START Records for this task

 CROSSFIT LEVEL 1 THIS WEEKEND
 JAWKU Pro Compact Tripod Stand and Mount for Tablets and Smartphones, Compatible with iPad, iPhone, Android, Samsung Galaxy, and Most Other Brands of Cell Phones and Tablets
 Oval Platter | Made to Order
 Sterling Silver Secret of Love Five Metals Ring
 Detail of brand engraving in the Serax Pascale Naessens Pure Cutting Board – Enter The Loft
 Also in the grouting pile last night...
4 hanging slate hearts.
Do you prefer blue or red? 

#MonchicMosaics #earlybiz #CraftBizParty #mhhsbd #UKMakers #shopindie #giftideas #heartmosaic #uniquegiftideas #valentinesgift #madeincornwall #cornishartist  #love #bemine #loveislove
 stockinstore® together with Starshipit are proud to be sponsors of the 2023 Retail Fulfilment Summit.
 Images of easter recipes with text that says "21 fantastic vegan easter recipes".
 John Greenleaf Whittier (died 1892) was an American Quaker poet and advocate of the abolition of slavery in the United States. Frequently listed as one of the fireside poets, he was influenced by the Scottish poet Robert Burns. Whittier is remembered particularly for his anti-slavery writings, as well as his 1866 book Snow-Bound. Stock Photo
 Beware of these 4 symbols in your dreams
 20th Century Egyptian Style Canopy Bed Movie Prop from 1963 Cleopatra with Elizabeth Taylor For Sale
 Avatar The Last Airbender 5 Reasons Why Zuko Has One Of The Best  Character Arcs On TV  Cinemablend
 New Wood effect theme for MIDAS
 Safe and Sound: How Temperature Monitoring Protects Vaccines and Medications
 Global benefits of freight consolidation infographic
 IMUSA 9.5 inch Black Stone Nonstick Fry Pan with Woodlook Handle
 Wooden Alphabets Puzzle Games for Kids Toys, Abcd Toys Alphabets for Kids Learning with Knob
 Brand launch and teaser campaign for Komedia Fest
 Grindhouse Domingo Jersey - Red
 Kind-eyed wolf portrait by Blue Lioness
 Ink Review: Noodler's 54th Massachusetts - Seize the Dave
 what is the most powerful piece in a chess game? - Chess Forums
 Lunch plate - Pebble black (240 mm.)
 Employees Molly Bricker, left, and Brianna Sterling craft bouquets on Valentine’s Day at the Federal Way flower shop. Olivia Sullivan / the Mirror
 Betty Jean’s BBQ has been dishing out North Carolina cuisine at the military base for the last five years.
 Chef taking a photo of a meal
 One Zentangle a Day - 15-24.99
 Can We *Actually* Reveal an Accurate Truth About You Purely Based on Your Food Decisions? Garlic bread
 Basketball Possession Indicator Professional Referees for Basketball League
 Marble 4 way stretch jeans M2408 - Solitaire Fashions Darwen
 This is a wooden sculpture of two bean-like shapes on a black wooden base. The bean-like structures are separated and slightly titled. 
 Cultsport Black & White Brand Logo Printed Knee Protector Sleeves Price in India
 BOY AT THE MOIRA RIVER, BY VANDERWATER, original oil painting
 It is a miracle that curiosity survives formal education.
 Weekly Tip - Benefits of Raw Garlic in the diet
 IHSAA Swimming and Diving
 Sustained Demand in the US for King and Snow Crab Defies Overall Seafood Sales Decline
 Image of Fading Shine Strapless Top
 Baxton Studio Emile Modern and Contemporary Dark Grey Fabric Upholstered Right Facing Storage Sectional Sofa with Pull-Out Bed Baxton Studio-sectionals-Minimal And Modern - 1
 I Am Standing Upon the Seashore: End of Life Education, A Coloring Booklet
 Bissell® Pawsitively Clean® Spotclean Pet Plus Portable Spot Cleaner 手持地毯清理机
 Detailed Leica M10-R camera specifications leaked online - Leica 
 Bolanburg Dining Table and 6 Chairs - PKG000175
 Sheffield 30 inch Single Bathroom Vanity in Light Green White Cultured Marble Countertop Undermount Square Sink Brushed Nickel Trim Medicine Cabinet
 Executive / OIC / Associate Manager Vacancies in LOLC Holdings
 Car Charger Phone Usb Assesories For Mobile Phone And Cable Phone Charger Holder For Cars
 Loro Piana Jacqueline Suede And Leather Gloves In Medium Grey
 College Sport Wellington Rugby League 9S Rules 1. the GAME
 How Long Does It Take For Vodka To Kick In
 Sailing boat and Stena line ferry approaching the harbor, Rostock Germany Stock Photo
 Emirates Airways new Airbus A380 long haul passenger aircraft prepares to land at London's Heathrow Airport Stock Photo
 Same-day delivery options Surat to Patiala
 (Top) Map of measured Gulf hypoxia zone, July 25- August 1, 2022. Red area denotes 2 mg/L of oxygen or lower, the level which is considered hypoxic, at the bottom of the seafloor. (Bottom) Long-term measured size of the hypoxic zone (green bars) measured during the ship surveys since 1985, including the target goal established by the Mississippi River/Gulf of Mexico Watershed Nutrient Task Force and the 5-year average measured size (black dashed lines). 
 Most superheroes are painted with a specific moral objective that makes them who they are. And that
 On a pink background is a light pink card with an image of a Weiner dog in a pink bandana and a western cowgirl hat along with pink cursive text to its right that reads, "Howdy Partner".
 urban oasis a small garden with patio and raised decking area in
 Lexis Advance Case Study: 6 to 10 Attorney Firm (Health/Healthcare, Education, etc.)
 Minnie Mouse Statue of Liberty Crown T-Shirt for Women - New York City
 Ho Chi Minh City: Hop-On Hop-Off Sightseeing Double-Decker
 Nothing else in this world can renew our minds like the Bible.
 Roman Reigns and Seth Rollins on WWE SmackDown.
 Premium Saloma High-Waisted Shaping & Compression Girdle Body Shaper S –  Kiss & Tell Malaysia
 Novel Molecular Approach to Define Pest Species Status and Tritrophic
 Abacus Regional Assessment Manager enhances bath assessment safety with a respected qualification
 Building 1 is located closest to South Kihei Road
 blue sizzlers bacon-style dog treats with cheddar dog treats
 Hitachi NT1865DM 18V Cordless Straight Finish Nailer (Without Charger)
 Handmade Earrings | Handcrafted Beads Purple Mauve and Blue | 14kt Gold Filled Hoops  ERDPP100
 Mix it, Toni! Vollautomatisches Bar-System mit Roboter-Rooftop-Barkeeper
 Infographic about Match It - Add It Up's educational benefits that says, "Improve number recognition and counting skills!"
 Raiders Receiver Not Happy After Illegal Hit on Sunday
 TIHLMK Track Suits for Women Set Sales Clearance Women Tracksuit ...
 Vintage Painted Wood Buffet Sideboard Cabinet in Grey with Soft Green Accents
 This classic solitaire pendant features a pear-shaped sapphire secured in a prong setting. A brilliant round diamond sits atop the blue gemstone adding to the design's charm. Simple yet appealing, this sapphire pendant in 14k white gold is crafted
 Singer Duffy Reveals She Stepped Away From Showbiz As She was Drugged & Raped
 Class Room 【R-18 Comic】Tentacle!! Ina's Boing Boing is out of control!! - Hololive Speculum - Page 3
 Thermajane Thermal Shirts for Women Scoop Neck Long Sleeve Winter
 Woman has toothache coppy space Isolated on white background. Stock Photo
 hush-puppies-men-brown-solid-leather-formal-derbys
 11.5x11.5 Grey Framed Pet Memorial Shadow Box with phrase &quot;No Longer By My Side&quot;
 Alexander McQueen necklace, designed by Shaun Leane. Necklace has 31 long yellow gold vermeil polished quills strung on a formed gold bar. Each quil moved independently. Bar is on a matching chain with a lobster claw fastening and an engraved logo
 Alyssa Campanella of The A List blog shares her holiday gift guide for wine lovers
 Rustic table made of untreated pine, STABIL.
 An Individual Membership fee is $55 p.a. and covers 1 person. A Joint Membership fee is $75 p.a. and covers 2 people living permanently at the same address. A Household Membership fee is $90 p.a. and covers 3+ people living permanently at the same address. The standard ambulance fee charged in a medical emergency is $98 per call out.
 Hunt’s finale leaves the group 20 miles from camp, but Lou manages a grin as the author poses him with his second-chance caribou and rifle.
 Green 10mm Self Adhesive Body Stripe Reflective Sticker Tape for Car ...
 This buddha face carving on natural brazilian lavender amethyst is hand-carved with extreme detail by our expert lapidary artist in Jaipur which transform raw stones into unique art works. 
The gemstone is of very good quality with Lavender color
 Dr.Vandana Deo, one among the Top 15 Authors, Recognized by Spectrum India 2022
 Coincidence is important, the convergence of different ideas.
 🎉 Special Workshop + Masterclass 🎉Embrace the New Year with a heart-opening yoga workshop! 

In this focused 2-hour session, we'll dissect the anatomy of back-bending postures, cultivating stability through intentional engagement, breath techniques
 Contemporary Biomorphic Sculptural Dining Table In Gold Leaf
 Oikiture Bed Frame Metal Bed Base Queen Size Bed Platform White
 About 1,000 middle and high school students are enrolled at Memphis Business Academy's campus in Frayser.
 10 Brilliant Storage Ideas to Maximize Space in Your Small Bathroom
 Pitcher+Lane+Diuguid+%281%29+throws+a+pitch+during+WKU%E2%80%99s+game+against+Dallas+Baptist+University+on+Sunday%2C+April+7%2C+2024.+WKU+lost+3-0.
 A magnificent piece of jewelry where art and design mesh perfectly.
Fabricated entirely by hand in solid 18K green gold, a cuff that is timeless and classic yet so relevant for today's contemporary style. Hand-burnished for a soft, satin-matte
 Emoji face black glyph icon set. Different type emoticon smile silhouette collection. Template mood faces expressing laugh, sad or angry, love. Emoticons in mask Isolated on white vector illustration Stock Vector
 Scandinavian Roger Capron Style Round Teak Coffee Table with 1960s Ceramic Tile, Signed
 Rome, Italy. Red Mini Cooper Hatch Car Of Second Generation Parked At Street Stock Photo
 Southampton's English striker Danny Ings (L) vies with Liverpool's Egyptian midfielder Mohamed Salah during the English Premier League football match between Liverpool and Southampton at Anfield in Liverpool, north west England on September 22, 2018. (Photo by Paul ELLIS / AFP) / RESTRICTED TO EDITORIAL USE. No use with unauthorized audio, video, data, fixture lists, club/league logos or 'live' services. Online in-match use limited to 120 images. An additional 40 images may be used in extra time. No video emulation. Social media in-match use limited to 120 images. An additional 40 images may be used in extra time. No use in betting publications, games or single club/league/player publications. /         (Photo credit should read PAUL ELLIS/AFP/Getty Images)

END Records for this task

### About this task
Extract from the records above the lines from the one containing "John Greenleaf Whittier" to the one containing "Grindhouse Domingo Jersey - Red", both lines included, exactly as they appear and with nothing else.

### Response area
 John Greenleaf Whittier (died 1892) was an American Quaker poet and advocate of the abolition of slavery in the United States. Frequently listed as one of the fireside poets, he was influenced by the Scottish poet Robert Burns. Whittier is remembered particularly for his anti-slavery writings, as well as his 1866 book Snow-Bound. Stock Photo
 Beware of these 4 symbols in your dreams
 20th Century Egyptian Style Canopy Bed Movie Prop from 1963 Cleopatra with Elizabeth Taylor For Sale
 Avatar The Last Airbender 5 Reasons Why Zuko Has One Of The Best  Character Arcs On TV  Cinemablend
 New Wood effect theme for MIDAS
 Safe and Sound: How Temperature Monitoring Protects Vaccines and Medications
 Global benefits of freight consolidation infographic
 IMUSA 9.5 inch Black Stone Nonstick Fry Pan with Woodlook Handle
 Wooden Alphabets Puzzle Games for Kids Toys, Abcd Toys Alphabets for Kids Learning with Knob
 Brand launch and teaser campaign for Komedia Fest
 Grindhouse Domingo Jersey - Red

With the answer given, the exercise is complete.